Fällt Ihr Einkommen auf oder unter diese Grenze, so werden Sie versicherungspflichtig – die Türen der gesetzlichen Krankenversicherung stehen Ihnen dann wieder offen. In diesem Fall können Sie in jede beliebige gesetzliche Krankenkasse wechseln, die entweder bundesweit (das gilt für 42 Krankenkassen) oder in Ihrer Region wählbar ist. 46 Krankenkassen sind regional geöffnet. Keine der für Sie offenen Krankenkassen darf Sie als Mitglied ablehnen oder Sie nach Ihrem Gesundheitszustand fragen.

Kranken- und Pflegeversicherung funktionieren allerdings anders als die anderen Sozialversicherungen. In der Renten- und Arbeitslosenversicherung sind alle Arbeitnehmer grundsätzlich versicherungspflichtig, auch Spitzenverdiener. Anders ist es in der Krankenversicherung sowie in der Pflegeversicherung, die der Krankenversicherung folgt. Versicherungspflichtig in der gesetzlichen Krankenversicherung (GKV) ist, wer mit seinem regelmäßigen Arbeitsentgelt nicht über der Versicherungspflichtgrenze (auch Jahresarbeitsentgeltgrenze genannt) liegt. Zuschläge, die wegen des Familienstandes gezahlt werden, zählen dabei nicht mit, wohl aber Urlaubs- und Weihnachtsgeld, das Arbeitnehmern regulär zusteht. Da die Versicherungspflichtgrenze jährlich leicht angepasst wird – entsprechend der Entwicklung der Löhne und Gehälter – „rutschen“ jeweils zu Jahresbeginn manche Arbeitnehmer in die Versicherungspflicht. Diese Grenze liegt 2016 bei 4.687,50 Euro pro Monat bzw. 56.250 Euro im Jahr. Für diejenigen, die bereits 2002 privat versichert waren, liegt sie bei 4.237,50 Euro im Monat bzw. 50.850 Euro im Jahr.
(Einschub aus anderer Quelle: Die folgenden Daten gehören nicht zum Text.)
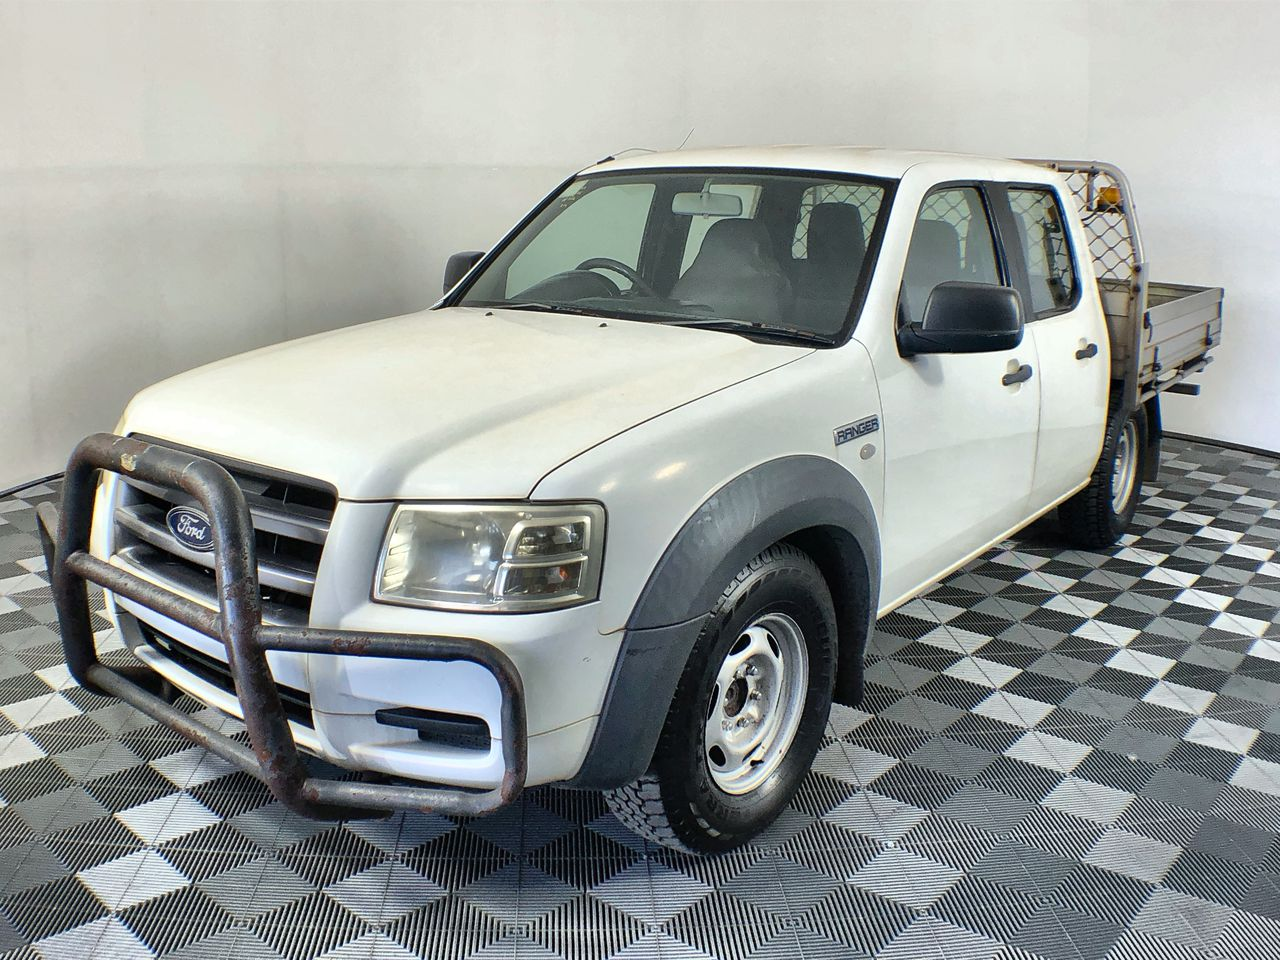 2007 Ford Ranger XL T/Diesel Auto Dual Cab Ute 71,264 kms

Wie sich Senkung und Steigerung des Gehalts auswirken

Für diejenigen, die bislang gesetzlich krankenversichert sind, ändert sich auch durch eine Gehaltserhöhung im Laufe des Jahres nichts, durch die die Grenze zur Pflichtversicherung „eigentlich“ überschritten wird. Sie bleiben zunächst weiter versicherungspflichtig. Auswirkungen ergeben sich erst im folgenden Jahr. Dann werden die Karten neu gemischt. Betroffene können sich dann – falls ihr Einkommen noch immer über der dann geltenden Versicherungspflichtgrenze liegt – zwischen einer freiwilligen gesetzlichen oder einer privaten Versicherung entscheiden.
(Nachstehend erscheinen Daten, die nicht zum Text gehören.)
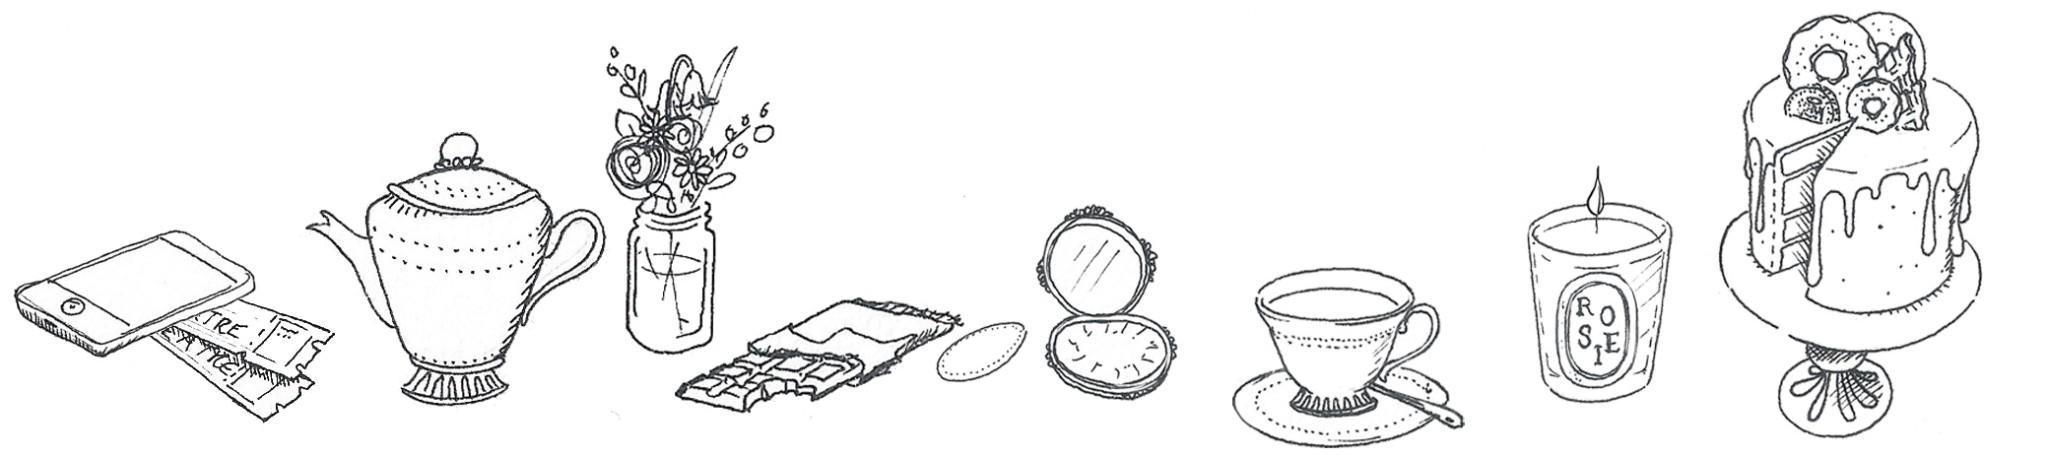 illustrations-rosie

Bei einer Einkommenssenkung unter die Versicherungspflichtgrenze tritt dagegen für bislang Privatversicherte umgehend Versicherungspflicht ein. Ob die Betroffenen nach einem Arbeitgeberwechsel, nach einer Arbeitszeitverkürzung oder schlicht aufgrund einer Vereinbarung mit ihrem derzeitigen Arbeitgeber weniger verdienen, interessiert die Krankenkassen nicht. Keine unmittelbare Auswirkung auf die Krankenversicherungspflicht hat dagegen eine vorübergehende Verminderung der Einkünfte – beispielsweise durch Kurzarbeit.

Die Pflicht zur erneuten gesetzlichen Versicherung tritt nicht etwa zu Beginn des Folgejahrs ein, sondern in dem Monat, in dem das Einkommen auf oder unter die Versicherungspflichtgrenze sinkt. Wichtig ist dabei: Der Teil der Entgelte, der auf Überstunden entfällt, zählt in der Regel nicht bei der Rechnung, ob das Einkommen über oder unter der Jahresarbeitsentgeltgrenze liegt. Aus der Tatsache, dass im Vorjahr beispielsweise 150 Überstunden angefallen sind, kann nicht geschlossen werden, dass im folgenden Jahr ebenfalls Überstunden in dieser Größenordnung anfallen werden. Ausnahme: Immer dann, wenn Arbeitnehmer ein vertragliches Recht auf ein festes Überstundenkontingent haben und diese durch feste Pauschbeträge abgegolten werden, zählen diese zum regelmäßigen Arbeitsentgelt und werden bei der Prüfung der Versicherungspflicht bzw. Versicherungsfreiheit mit einbezogen.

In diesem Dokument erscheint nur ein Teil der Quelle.